Prove that the angle between the two tangents drawn from an external point to a circle is supplementary to the angle subtended by the line-segment joining the points of contact at the centre.

Let us consider O as the centre point of the circle. Let P be a point outside the circle from which two tangents PA and PB are drawn to the circle which touches the circle at point A and B respectively.

Draw a line segment between points A and B such that it subtends ∠AOB at centre O of the circle.

We know that,

The tangent at any point of a circle is always perpendicular to the radius through the point of contact.

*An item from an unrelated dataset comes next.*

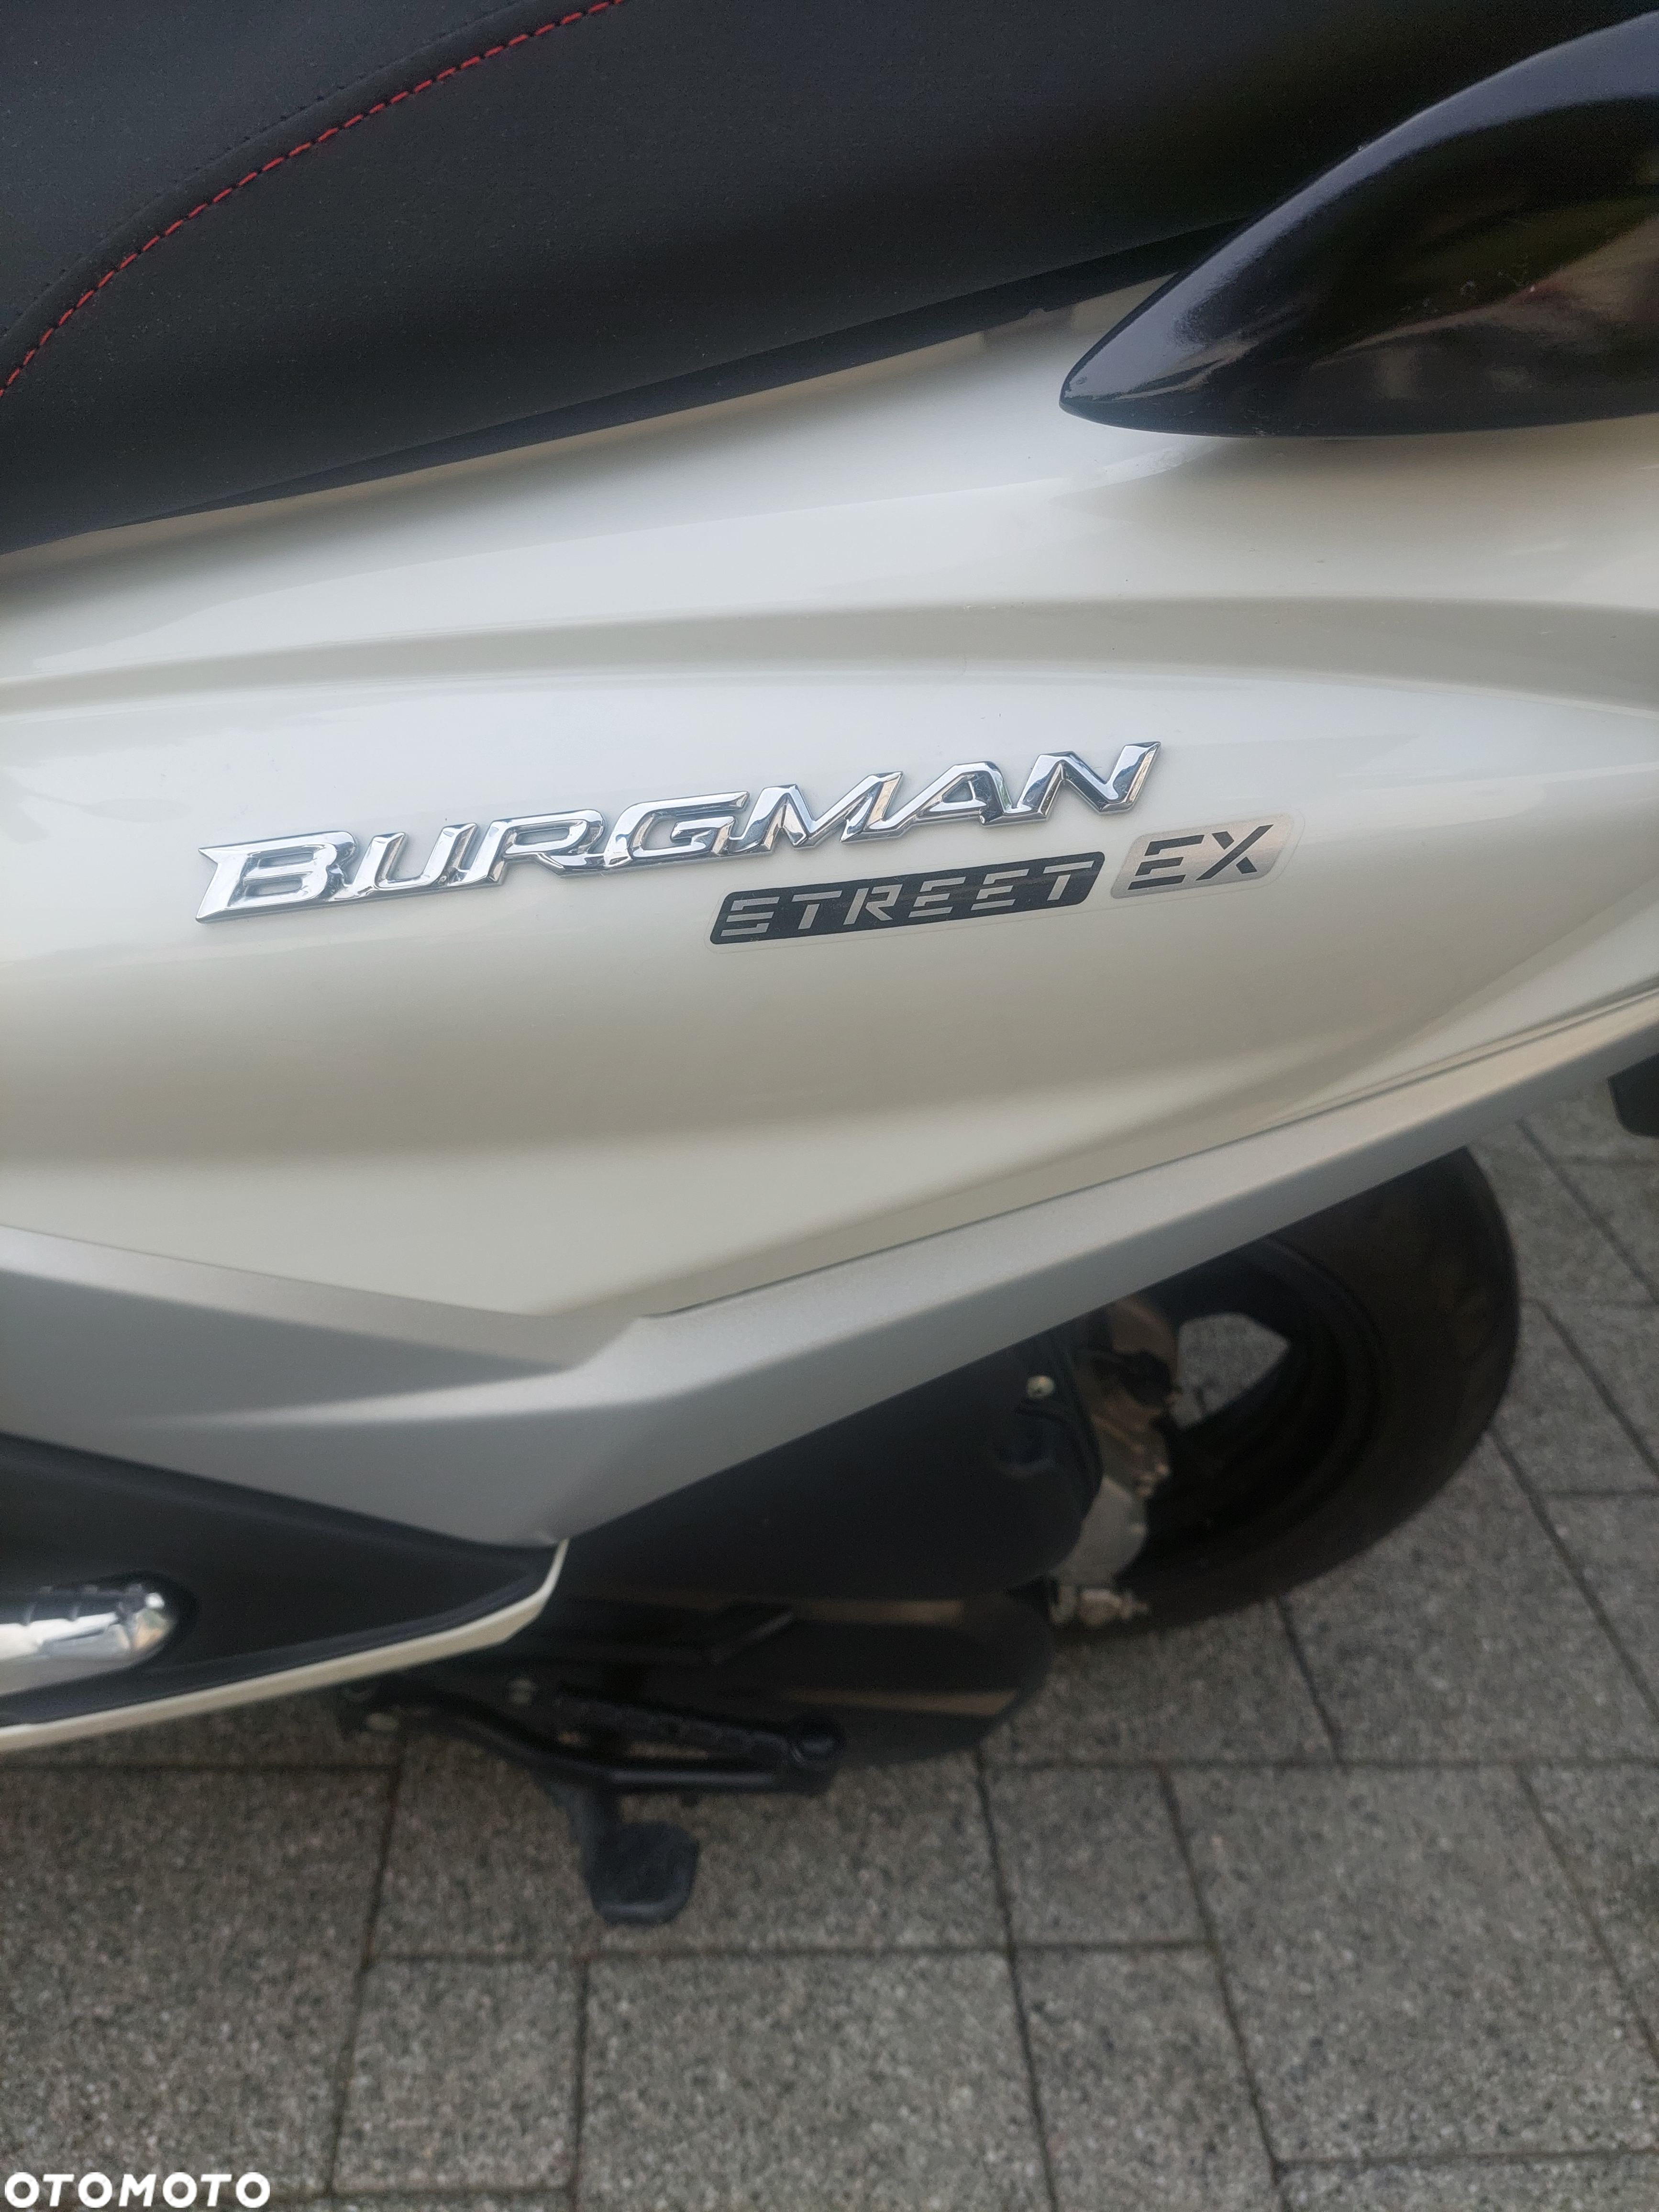 Suzuki Burgman - 8

∴ ∠OAP = ∠OBP = 90° …………(1)

In a quadrilateral, the sum of interior angles is 360°.

In quadrilateral OAPB,

⇒ ∠OAP + ∠APB + ∠PBO + ∠BOA = 360°

Using Equation (1), we can write the above equation as

⇒ 90° + ∠APB + 90° + ∠BOA = 360°

⇒ ∠APB + ∠BOA = 360° - 180°

⇒ ∠APB + ∠BOA = 180°

Where,

∠APB = Angle between the two tangents PA and PB from external point P.

∠BOA = Angle subtended by the line segment AB joining the point of contacts at the centre.

Hence, proved the angle between the two tangents drawn from an external point to a circle is supplementary to the angle subtended by the line segment joining the points of contact at the centre.